Deux autres questions vont se chevaucher durant Ghost in the Shell : la problématique de l'acquisition de la conscience, et le problème soulevé par une intelligence artificielle.
Reprenons la trame principale : La Section 9 est une unité impliquée dans les affaires d'espionnage. Un mystérieux cyber-pirate, prénommé le Puppet Master, pénètre les réseaux les mieux protégés. Au cœur de cette unité spéciale, on retrouve l'humain Togusa et deux androides, Batou mais surtout le major Motoko Kusanagi. C'est sur elle que va se recentrer Ghost in the Shell. A travers son regard perçant, on la voit douter, s'interroger sur sa nature et sa place dans ce monde.
Suffit-il de naitre humain pour être un homme ? Ou peut-on le devenir par nos actes ?
Batou, le partenaire de Motoko, ne comprend pas pourquoi cette dernière fait de la plongée, alors que cette activité est très dangereuse pour un corps robotique. Elle lui répond qu’elle se sent bien, seule dans les profondeurs. Mais ne serait-ce pas pour se sentir vivante, tout simplement ? Du moins, c’est comme cela que nous pouvons le comprendre. Motoko parait plus humaine, plus humanisée que les autres personnages présents.
On retrouve également dans Ghost in the Shell la problématique de l’Intelligence Artificielle. On peut comparer le Puppet Master et HAL 9000, le malicieux ordinateur de bord de 2001 : A Space Odyssey. Ces deux intelligences parviennent à s’émanciper de leur forme purement informatique pour se jouer des hommes (un temps, du moins) et impacter la réalité, et cela sans véritable existence physique. HAL n’est qu’un (gros) ordinateur, et le Puppet Master est au départ un programme d’espionnage.

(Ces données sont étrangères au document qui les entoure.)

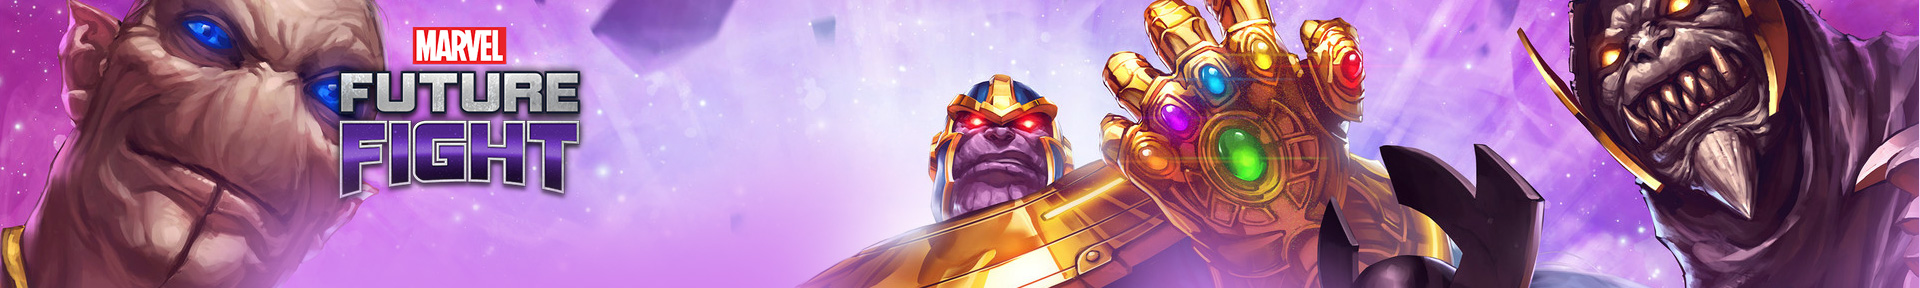 Marvel: Future Fight Crystals

Avons nous encore le contrôle sur la technologie ? Ou bien sommes nous déjà condamnés ?
J’ai ici pris comme exemple un des cas les plus célèbres. Mais on retrouve dans de nombreux films l’idée que nous sommes les esclaves des machines. Du très seventies The Forbin Project au tout nouveau Ex Machina, les films qui traitent de cette thématique sont bien souvent pessimistes, et Ghost in the Shell ne déroge pas à la règle. Et cela ne concerne pas que l’intrigue autour de l’Intelligence Artificielle.

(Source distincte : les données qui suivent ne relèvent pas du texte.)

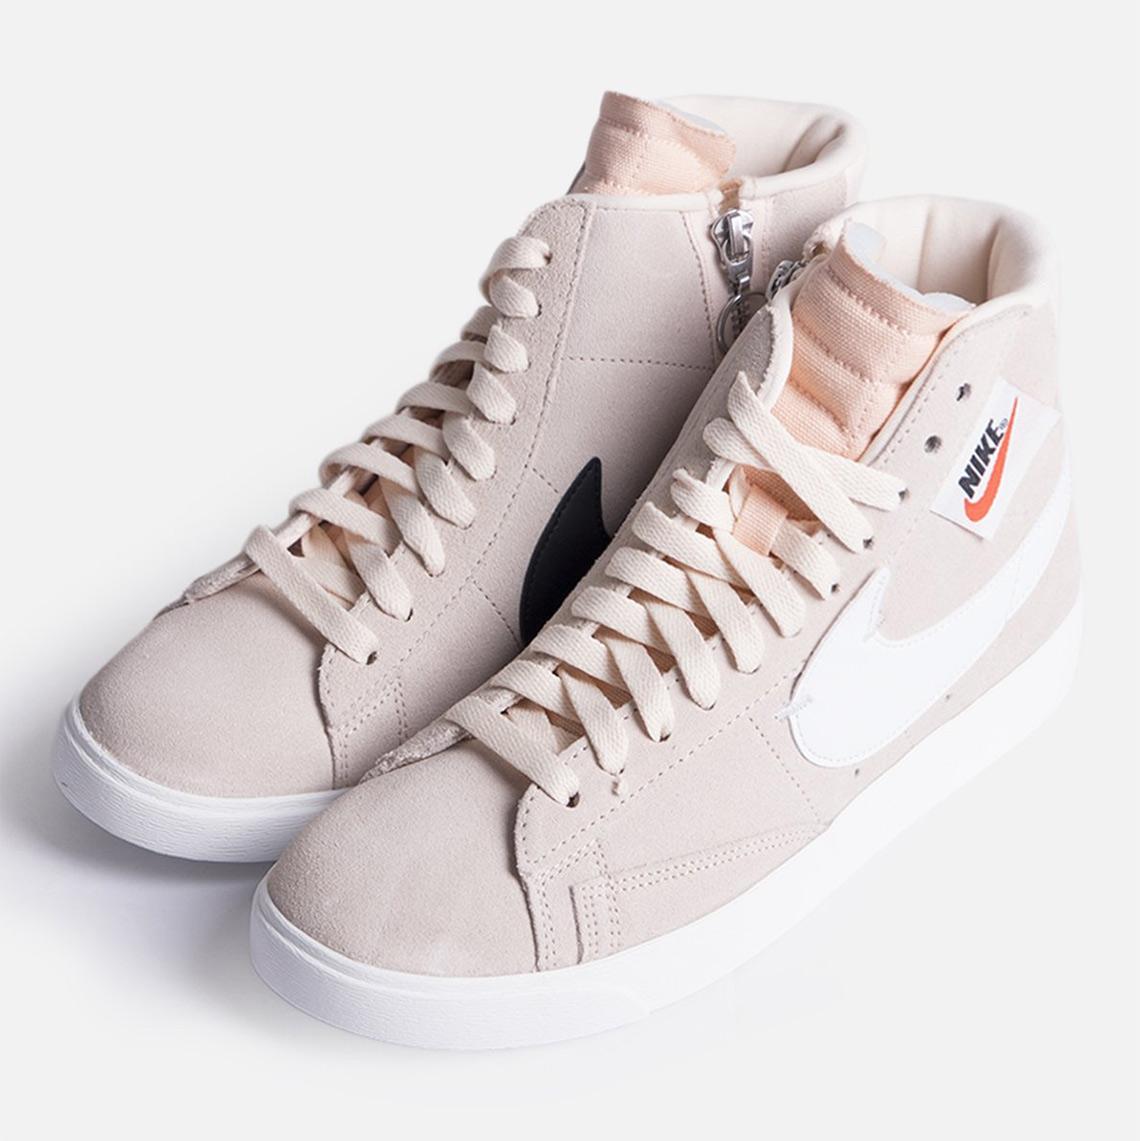 3e16dade38f Nike Blazer Mid Rebel BQ4022-001 BQ4022-201 BQ4022-801 | SneakerNews.com

L’atmosphère sombre et brumeuse renforce le côté mystérieux du film (faisant irrémédiablement pensé à Blade Runner) et son ambiance cyberpunk. Autres marques de cet environnement : une anti-héroïne désabusée en quête d’identité, un univers teinté de violence, et la vision chaotique d’une société déshumanisée entièrement connectée en réseaux où un hacker assez talentueux comme le Puppet Master peut tout chambouler.
Visuellement, Ghost in the Shell épate. Par sa qualité d’animation mais surtout par sa mise en scène. Les idées brillantes s’enchainent, les scènes d’action combinent avec des plans plus contemplatifs. Qu’il s’agisse d’animer une fusillade (la dernière du film est très forte d’ailleurs) ou de retranscrire le vol paisible d’un hélicoptère dans la pénombre, tout est bien ficelé.
Enfin, comment parler de Ghost in the Shell sans dire deux mots de la fantastique musique de Kenji Kawai ? Car la partition qu'il livre ici est exceptionnelle, sublimant chaque moment du film.
(Petits spoilers inside...)
Malgré sa richesse, Ghost in the Shell ne nous étouffe jamais. Et quand son intrigue nous tient en haleine pendant une heure, sa conclusion nous envoute en un rien de temps et efface complètement ce qu’on vient de voir. On assiste alors à la réunion divine entre Motoko et le Puppet Master.
Kusanagi n’est plus, un nouvel être est né. Réincarnée dans le corps d’une jeune fille, la « nouvelle » Motoko prend pleinement conscience de son existence, et devant elle se dresse l’immensité de la ville, qui apparait alors littéralement à ses pieds. La fin n’est ainsi que le commencement.